Making mathematics more accessible: Meet Donald Robertson

Donald Robertson, Senior Lecturer in the Department of Mathematics, has developed an innovative tool to improve how mathematical content is presented and accessed online. Recently nominated for a Distinguished Achievement Award, we spoke to Donald about the inspiration behind his work and what it could mean for the future of accessible teaching.

You’ve developed a tool to make mathematical materials more accessible. What inspired you to work on this?

It’s something I’d been interested in for quite a while. Partly it was about making mathematics more accessible to as many people as possible, but it was also an interesting technical challenge. I’ve worked with both LaTeX and web technologies before and this felt like a natural way to bring those together in a way that could benefit students.

How does your tool improve the way students access mathematical content?

Traditionally, mathematical content is written in LaTeX and then converted into a PDF. That works well for producing high-quality documents, especially for printing, but PDFs aren’t always ideal for reading on a screen. They can be difficult to navigate, especially when zooming, and they don’t always work well with assistive technologies like screen readers. What this tool does is convert that same content into a web page format instead. That makes it much easier to read on different devices, particularly phones and tablets, and it’s more compatible with accessibility tools.

Improving how content is presented can benefit many different students, not just those using assistive technologies

Why is moving beyond PDFs an important step for accessibility?

One of the key issues is how screen readers interpret mathematical content. In a PDF, equations are often not recognised properly, so the software can struggle to read them aloud in a meaningful way. That creates a real barrier for students with visual impairments. By presenting content as a web page instead, we can structure it in a way that makes it more interpretable for these technologies. That was one of the main motivations early on, although I’ve since realised there are wider benefits too.

How did the project develop from an idea to something students are now using?

It started through a working group in the Mathematics Department who were looking at accessibility in teaching. I began exploring whether there were existing tools that could do what I had in mind but I didn’t find anything that quite worked the way I wanted. So I decided to try building something myself. It’s been an ongoing project over the past couple of years – working on it when I could and improving it bit by bit. Now it’s being used in some of our modules, including a large first-year unit with around 550 students as well as a couple of third-year courses, and in collaboration with FSE eLearning there is an online interface to make it easier for colleagues to use the tool.

What has the response been like from staff and students?

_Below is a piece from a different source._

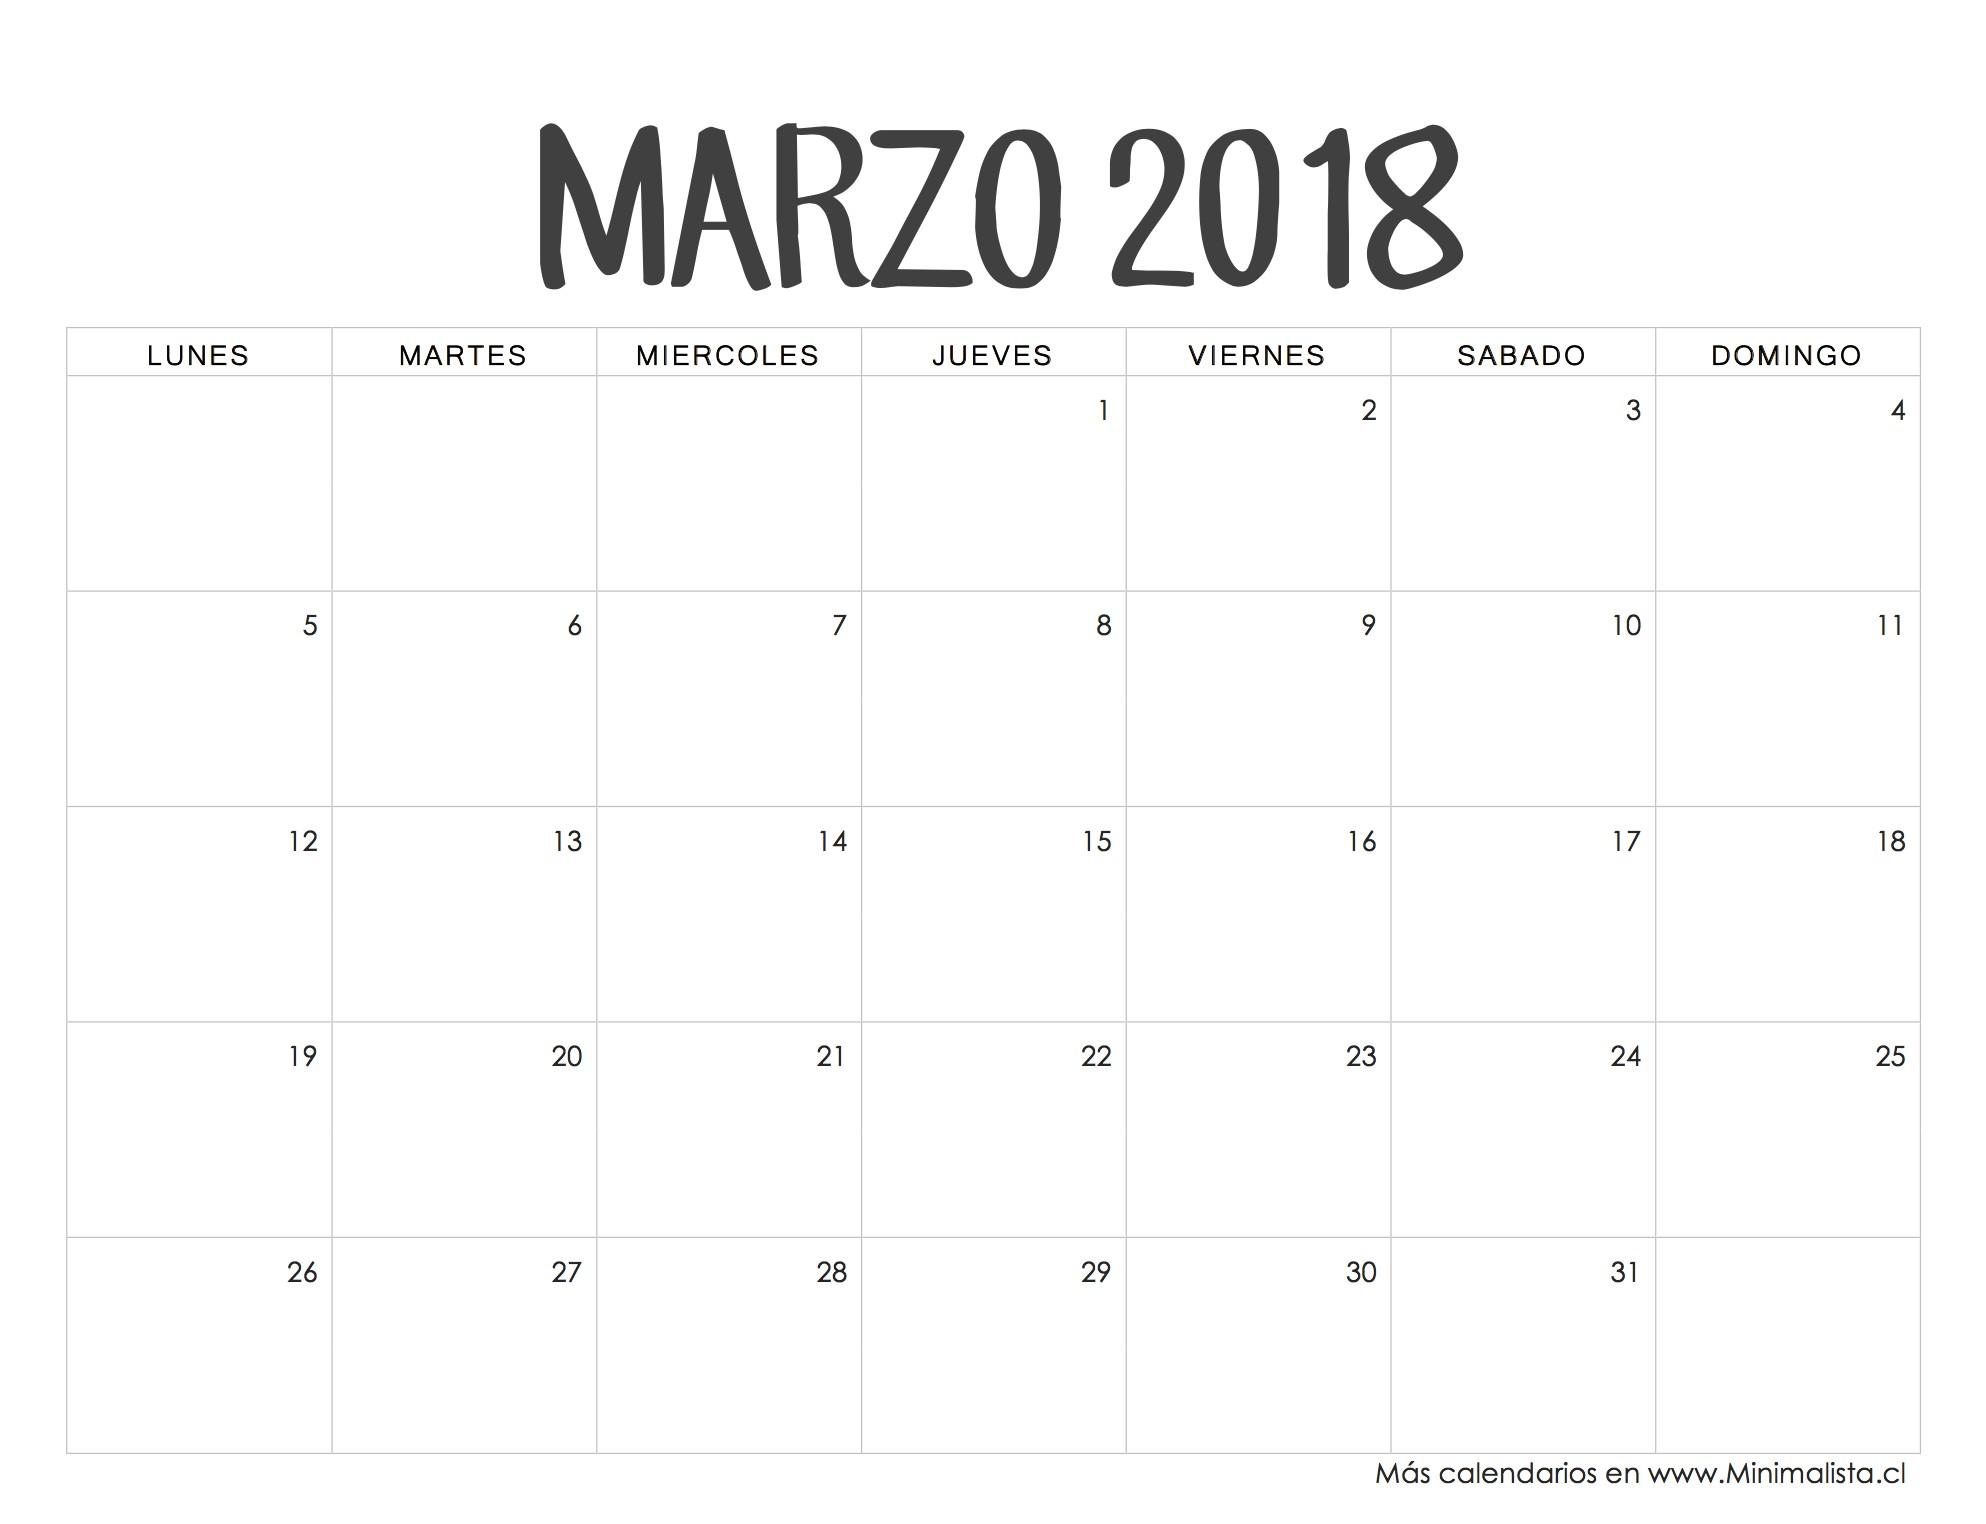 Calendario Enero 2019 Colombia Con Festivos Más Actual Calendario Marzo 2018 Calendarios Pinterest

Feedback from staff has been really valuable, especially because everyone writes LaTeX slightly differently. When something doesn’t work, I can use that to improve the tool. From the student side, I’ve seen it being used in tutorials often on phones or tablets. That suggests it’s offering something useful, particularly because web pages are generally easier to navigate on those devices than PDFs.

We need to keep thinking about how we present all types of content accessibly, not just equations

What have you learned through working on accessibility in mathematics?

Initially, I was focused on helping students with visual impairments access equations more easily. But as I’ve worked on this more, I’ve realised accessibility is broader than that. Improving how content is presented can benefit many different students, not just those using assistive technologies.There’s also a lot more to be done. For example, diagrams and graphs are still a challenge. Describing those in a meaningful way for someone who can’t see them is quite complex and it’s something we need to think more carefully about.

What do you see as the next steps for this work?

There’s still plenty to improve in the tool itself and it needs more testing and ongoing development. The more people use it, the better it can become. More broadly, I think we need to keep thinking about how we present all types of content accessibly, not just equations. That includes figures, diagrams and other visual elements that are central to how we teach subjects like mathematics.

Finally, how long have you worked at the University?

I joined the University in January 2020 just before everything moved online during the pandemic. Before that I spent about 11 years in the US completing my PhD and postdoctoral research. It was an unusual time to start, but it highlighted how important good digital resources are for teaching and learning.